The Catholic Church in Guatemala is part of the worldwide Catholic Church, under spiritual leadership of the Pope, Curia in Rome and the Episcopal Conference of Guatemala. There are approximately 7.7 million Catholics in Guatemala, which is about 46% of the total population of 17.1 million citizens.

==History==
===Introduction of Protestantism===
Historically, Guatemala has been predominantly Catholic. Beginning in 1959, after Fidel Castro began the Cuban Revolution, the Holy See became increasingly aware of the number of Protestant missionaries traveling to Latin America. Following this realization, several Catholic priests and missionaries traveled to Latin America to increase the number of priests and baptized Latinos. Over the past few decades, Protestantism has grown throughout the area. Guatemala currently contains the largest number of Protestants (approximately 40%) than any other Latin American country. The largest Protestant denominations present in Guatemala today are Presbyterians, Pentecostals, Lutherans, Baptists, and Episcopalians. Protestants first began to arrive in Guatemala in 1882 as a result of President Rufino Barrios desire to challenge the power of the Catholic Church. He invited several Presbyterian, Methodist and Baptist missionaries, but only when Pentecostal missionaries arrived from the United States did Guatemala see an influx in Protestant converts.
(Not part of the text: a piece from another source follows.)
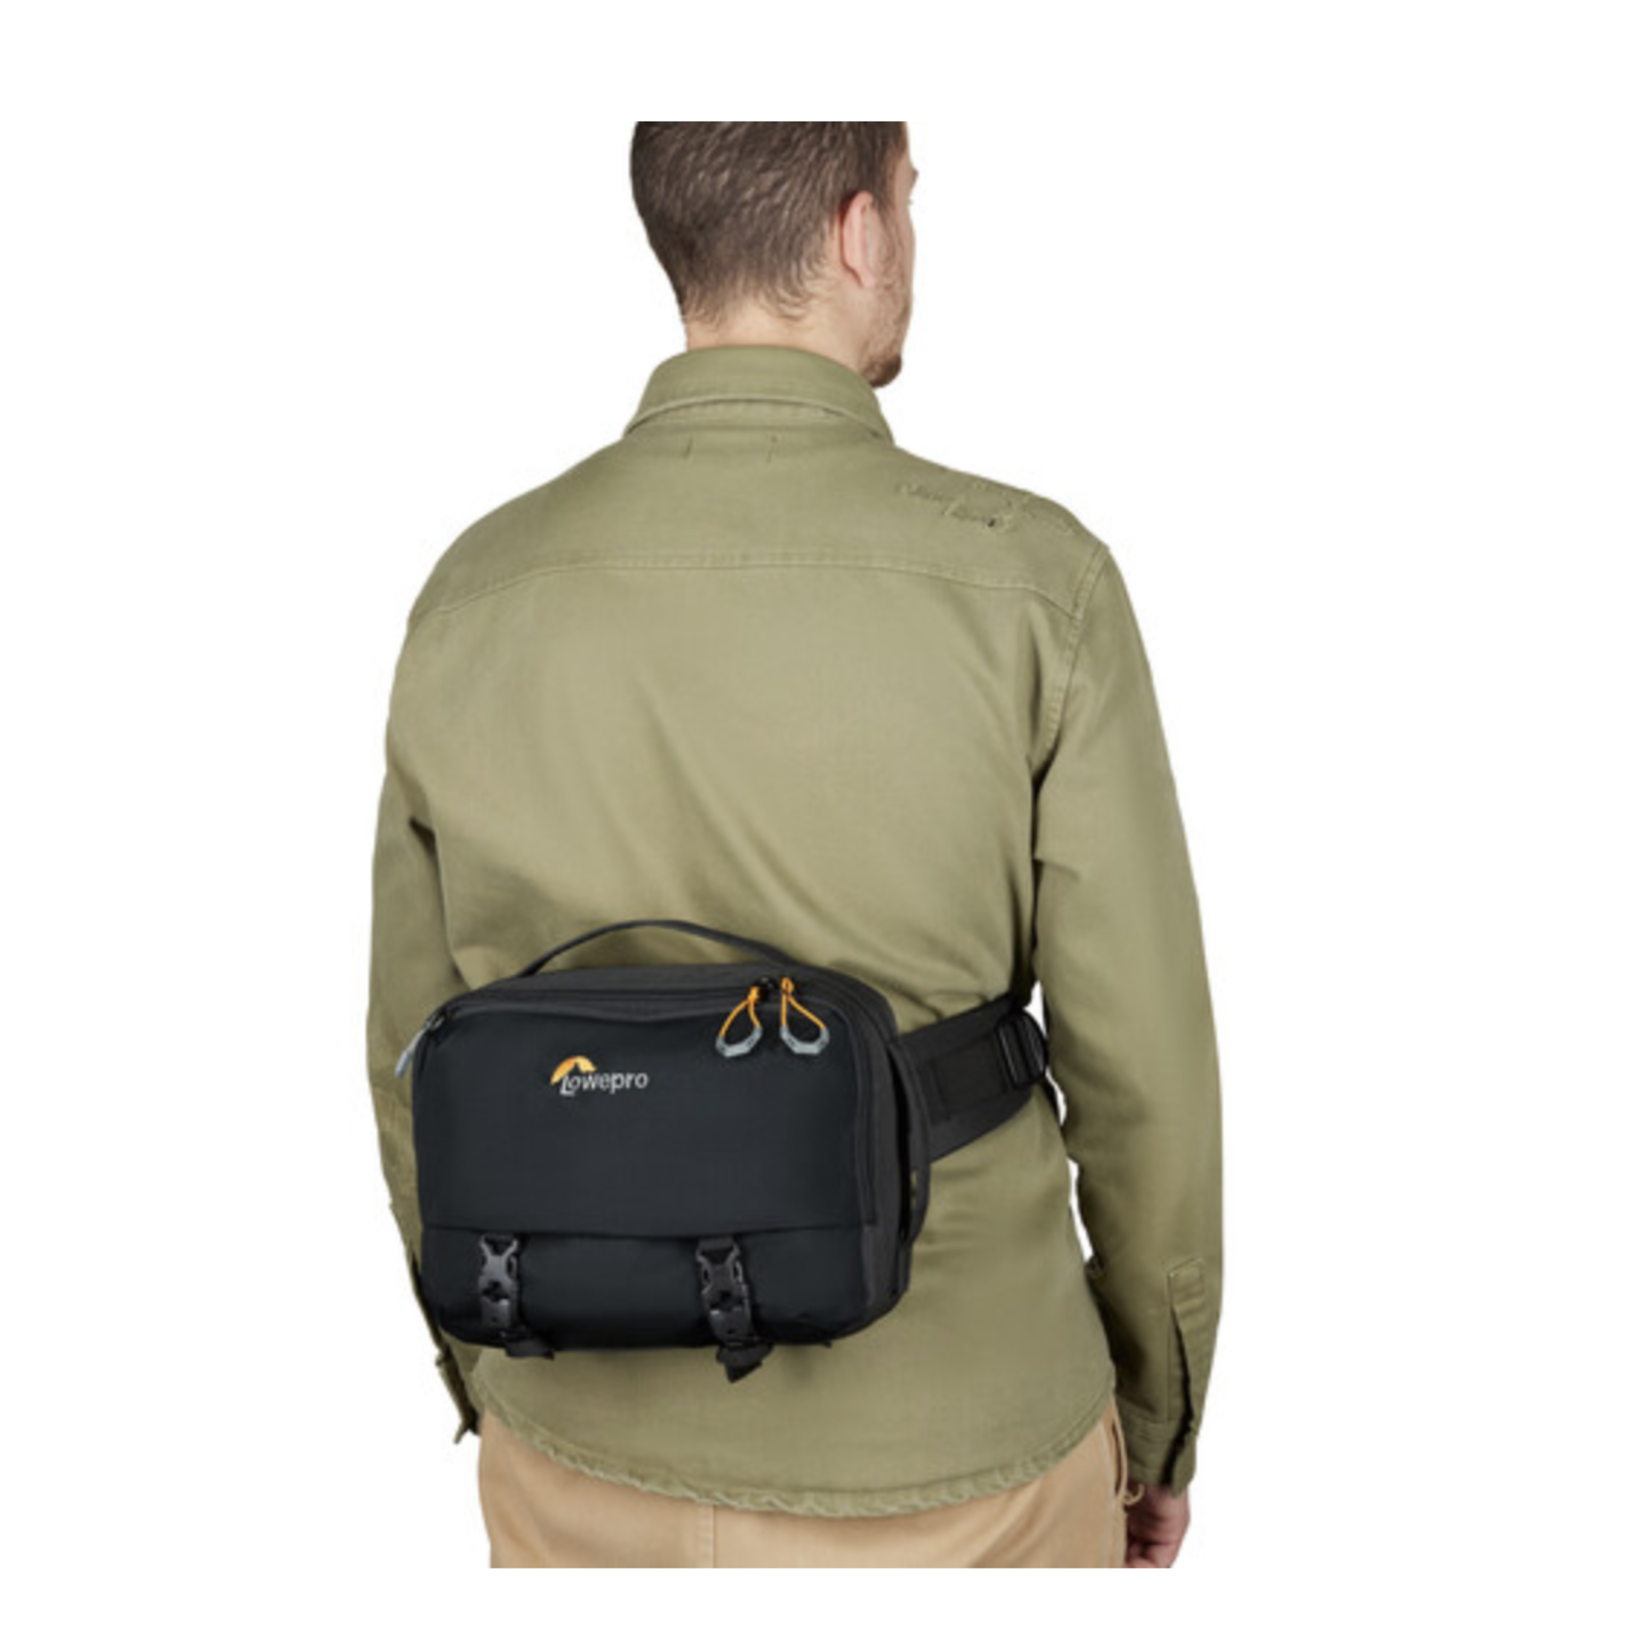 Lowepro Lowepro Trekker Lite SLX 120 Sling-Style Camera Bag (Black)

===Charismatic Catholicism===
Charismatic Catholics is a religious movement that has a set mind to increase the number of Catholic converts. Its members in Guatemala increase the numbers of Catholics in Latin America with the help of social organizations, missionaries, and clergy. In the mid twentieth century, Catholic Guatemalans feared that Catholicism would become the minority to Protestantism. Many Catholics began converting to Protestantism instead during this time period. Also, there were very few native Guatemalan priests because this job was mostly taken up by missionaries from the United States. The Charismatic Catholics bounced back with a large number of foreign missionaries, an increase in Guatemalan priests, and other lay revitalization within the Church as a whole. They believed that "the quest for identity was important and difficult" in the changing modern times.
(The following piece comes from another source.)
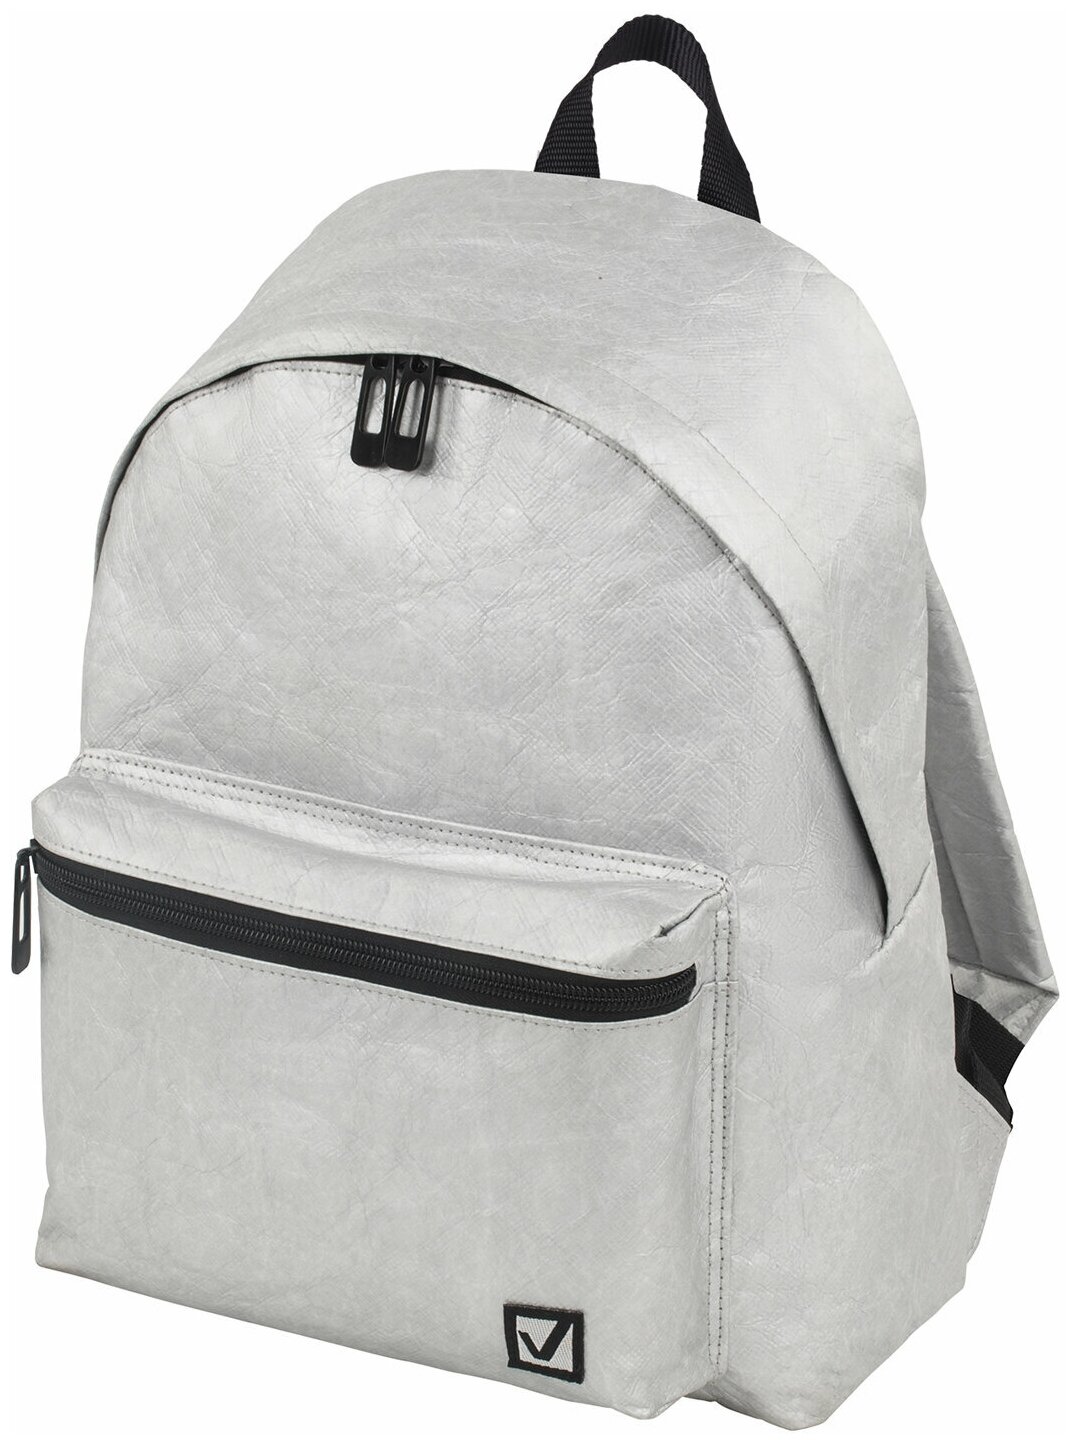 Рюкзак крафтовый Brauberg Miracle, с водонепроницаемым покрытием, серебристый, 34х26х11 см (229891)

===Status of Religious Freedom===
There is no state religion in Guatemala, however the Guatemalan Constitution recognizes the legitimacy of the Catholic Church. The constitution also recognizes freedom of religion to all of its citizens, and the government protects and honors this law. Although the Catholic Church is the only religion recognized by the Guatemalan Constitution, any other religious affiliation can file a copy of its bylaws and a list of its initial membership to the Ministry of Government in order to receive recognition. The only requirement of the Guatemalan government is that each religious affiliation register as legal entities if they want to participate in business of any kind. Applicants are rejected if "the organization does not appear to be devoted to a religious objective, appears to be in pursuit of illegal activities, or engages in activities that appear likely to threaten the public order."

==Turmoil in Guatemala==
===Social Discrimination and Disputes===
There have been several disputes between Catholics and the indigenous Mayan people. Many Catholic churches had been built on ancient Mayan sites during the Spanish colonization of the Americas which has upset the Mayan people not only because it is their land, but because several Catholic priests do not allow the Mayan people to access this land at all. Also, many Evangelical Protestants refuse to converse about any topics. Representatives from Catholic, Protestant, Muslim, and Mayan spirituality meets every two-three months out of the year at the Interreligious Dialogue at the Foro Guatemala to discuss several select topics such as social and political issues. Also, beginning in the 1960s, Catholic bishops and priests have joined to work with indigenous Mayan people to create a basis of local leadership, improve health and education, and also organize cooperatives.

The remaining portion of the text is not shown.